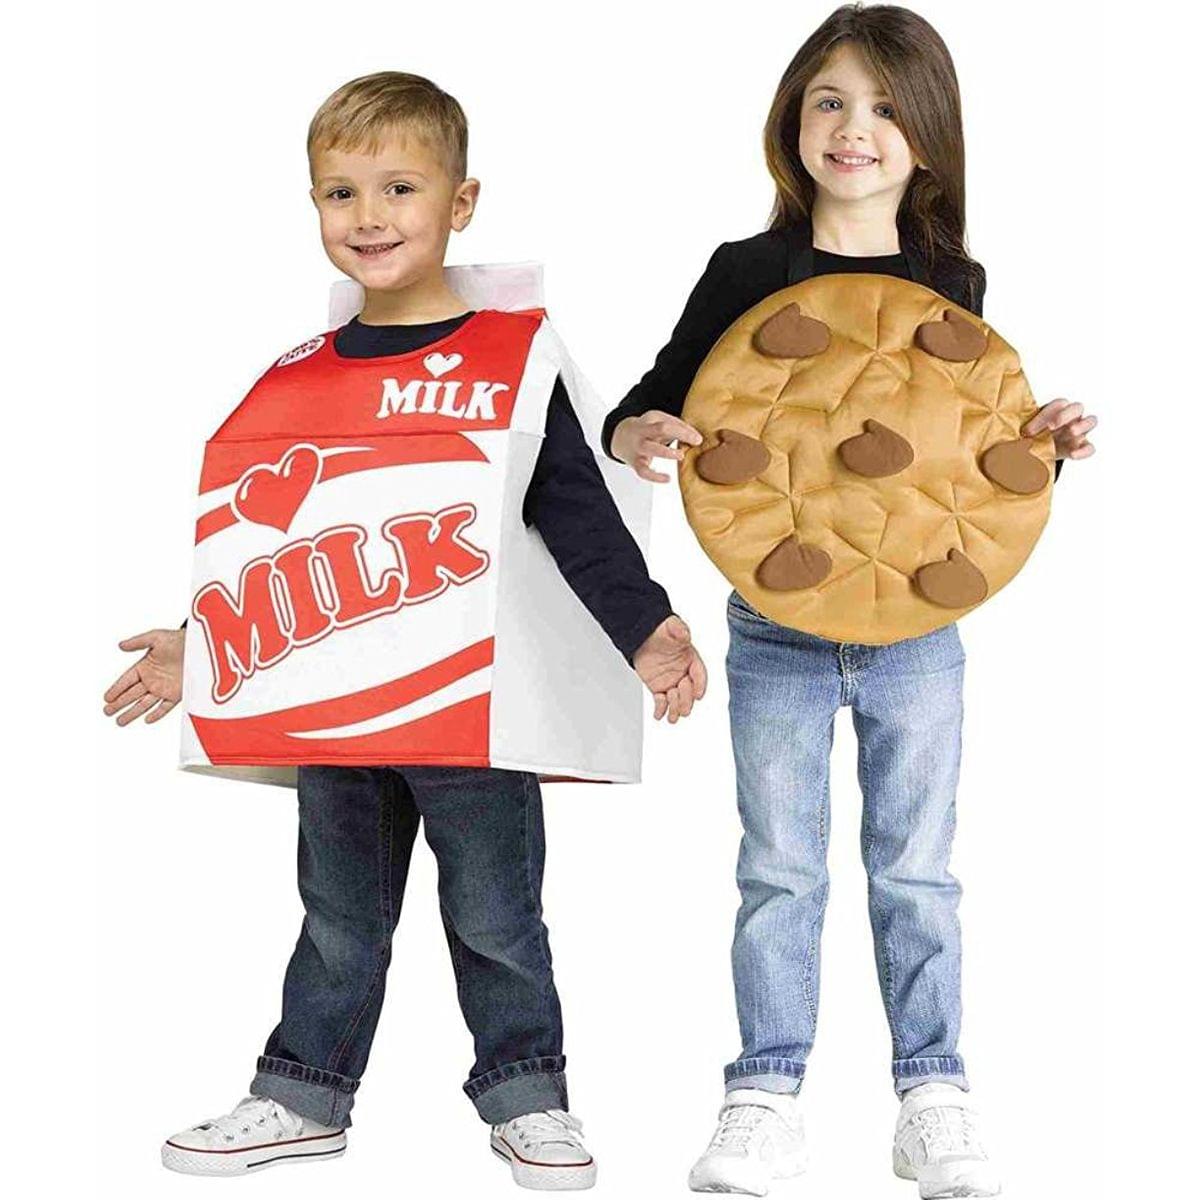 Cookies & Milk Toddler Costume 3T-4T
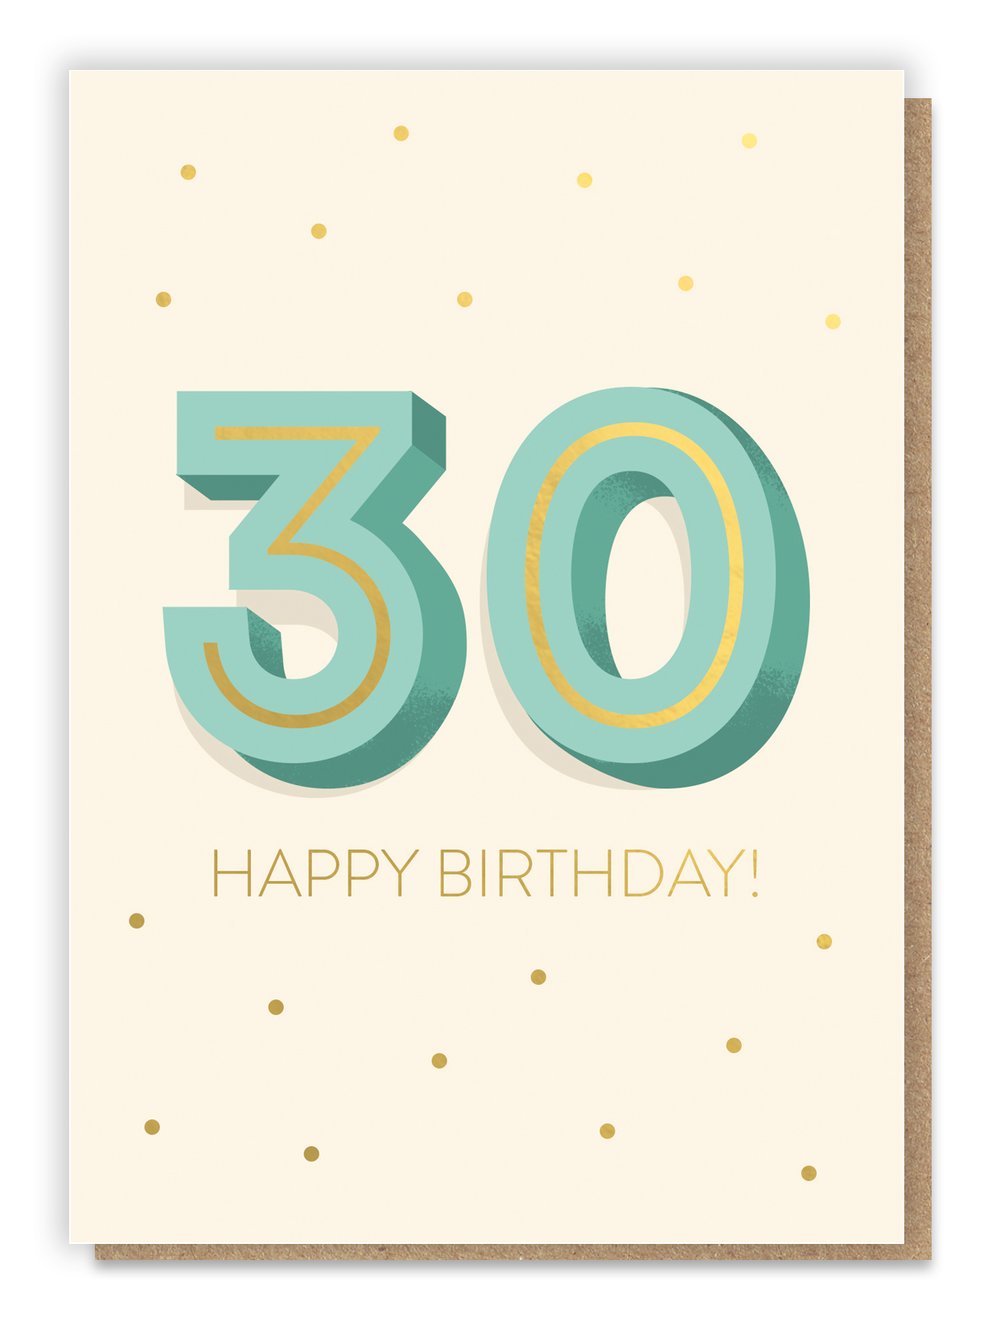 Big 3-0 Birthday Card - Age 30
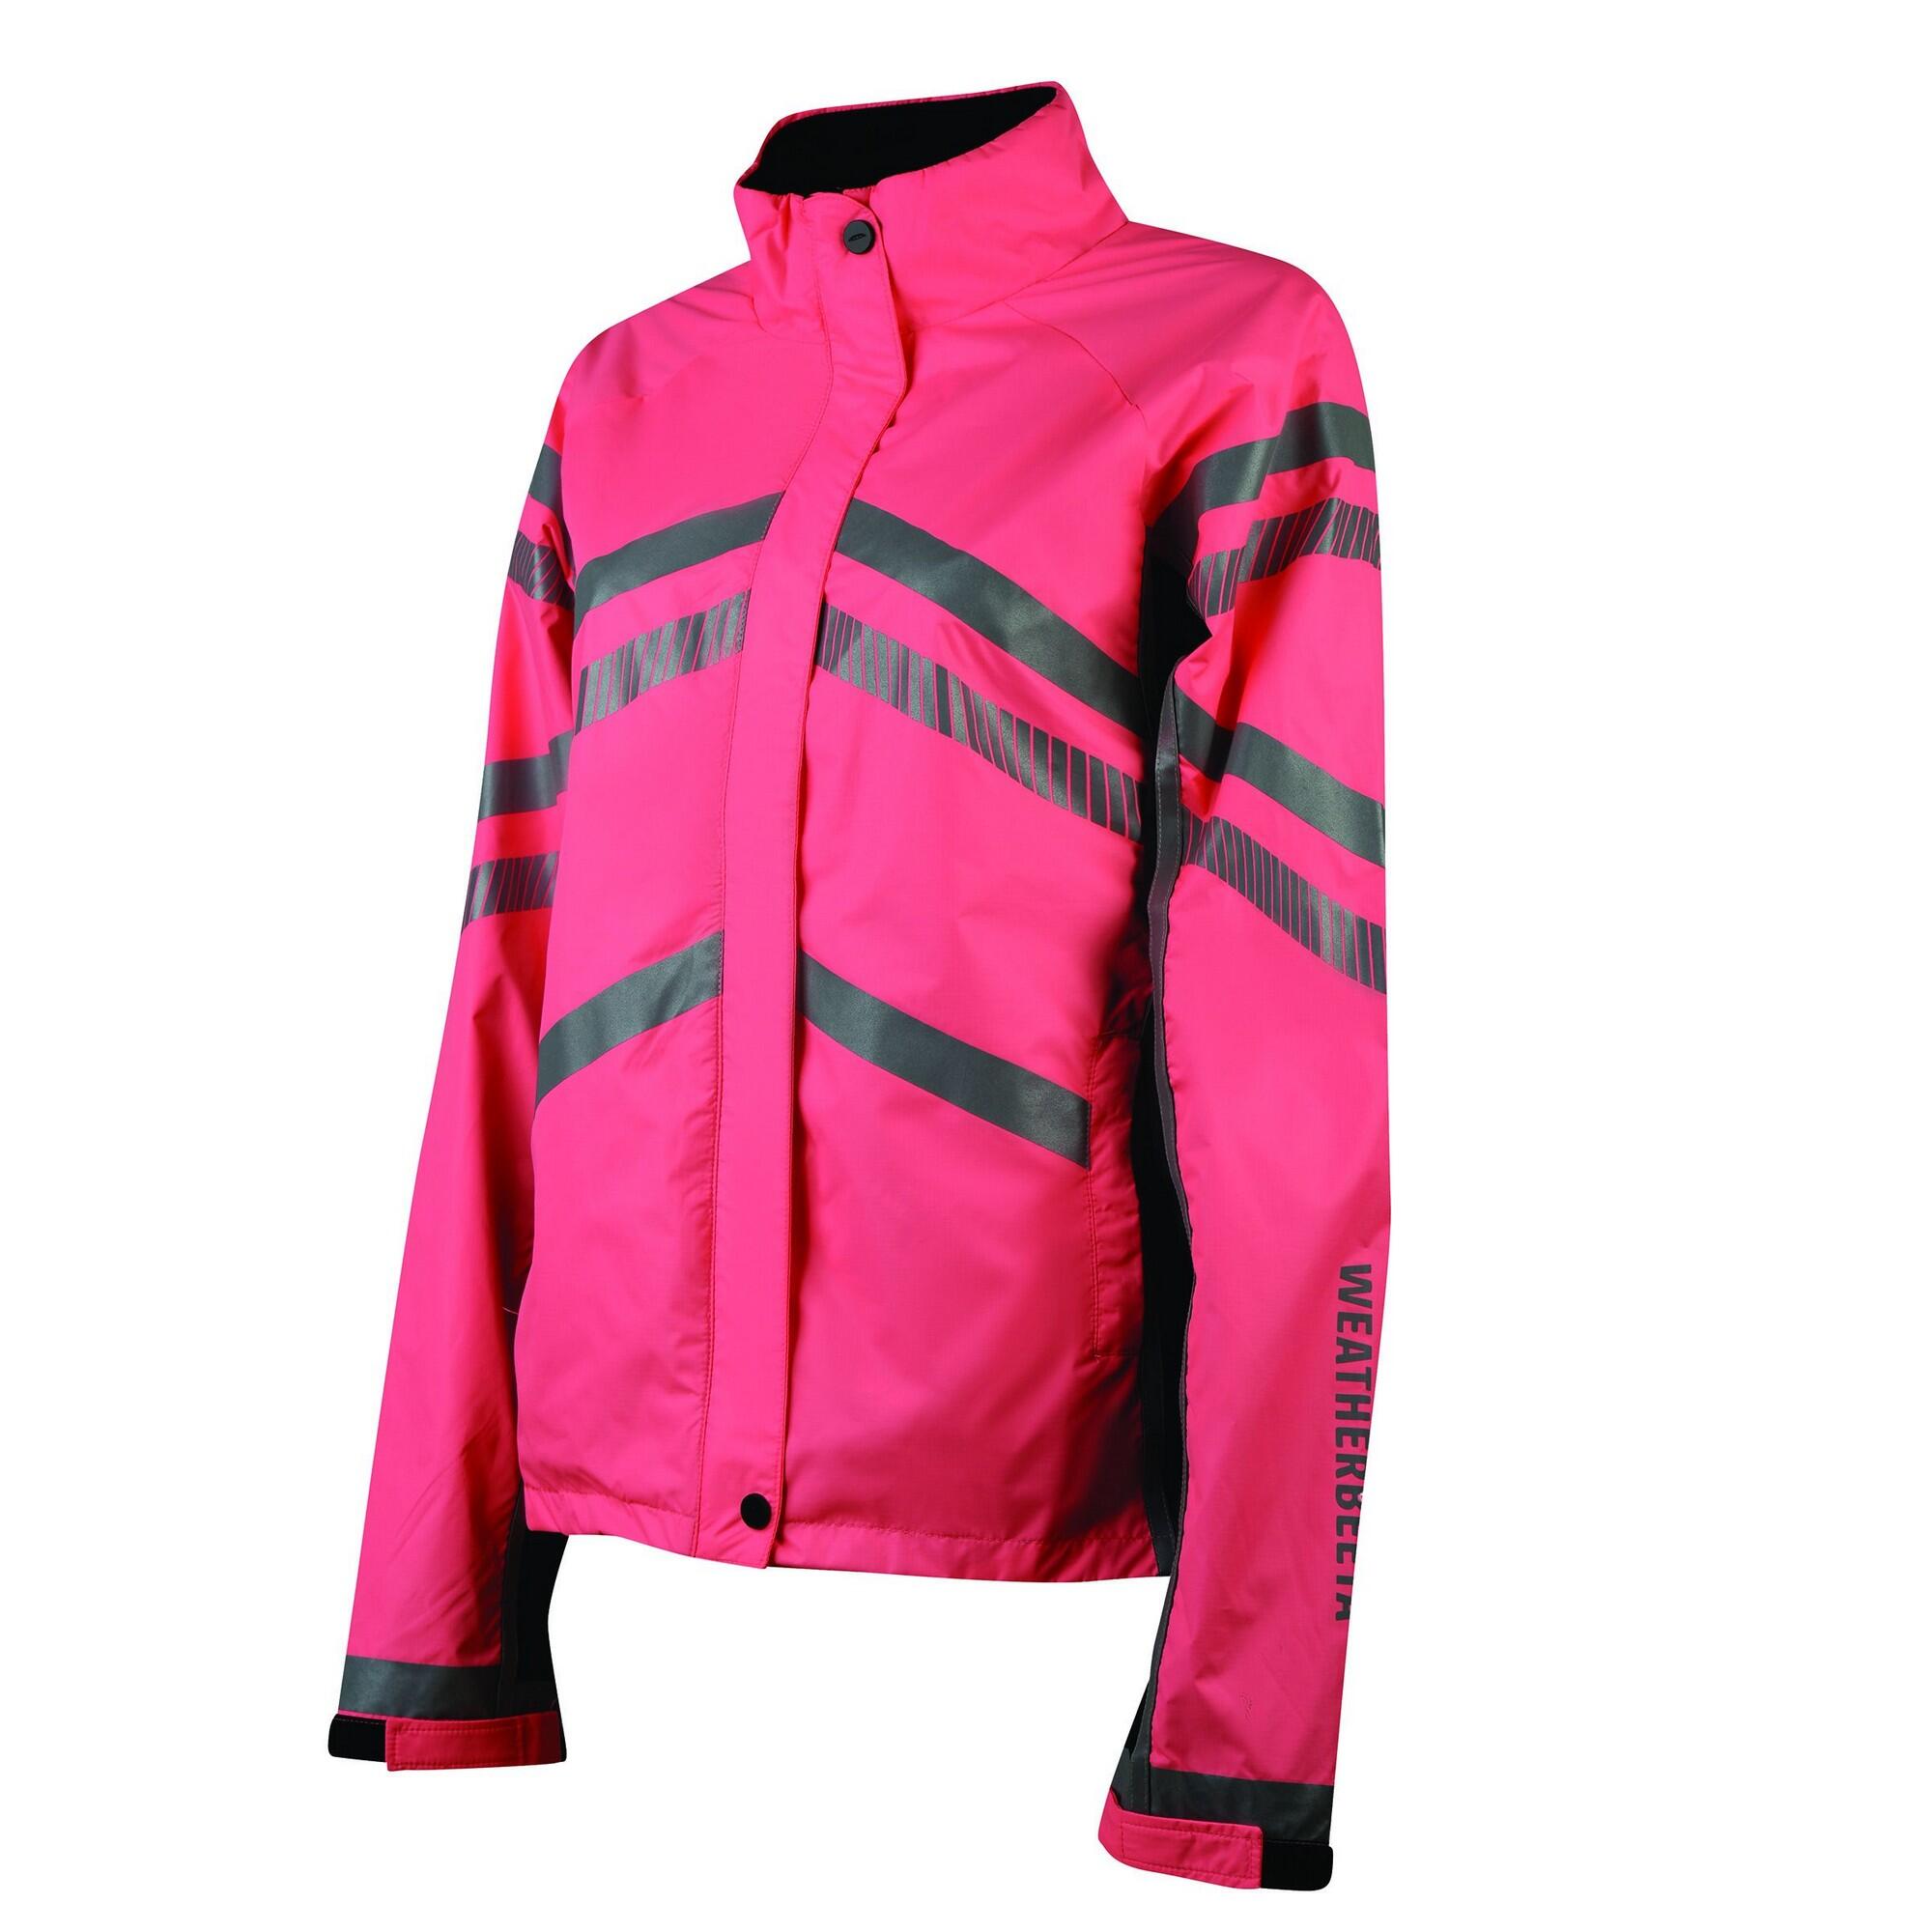 WEATHERBEETA Unisex Adult Reflective Lightweight Waterproof Jacket (Hi Vis Pink)
• • • • • • •
# Problem requirements:
Retype the whole listing. Keep every word exact but include no pictures.

# Task response:
 Cookies & Milk Toddler Costume 3T-4T
 Big 3-0 Birthday Card - Age 30
 WEATHERBEETA Unisex Adult Reflective Lightweight Waterproof Jacket (Hi Vis Pink)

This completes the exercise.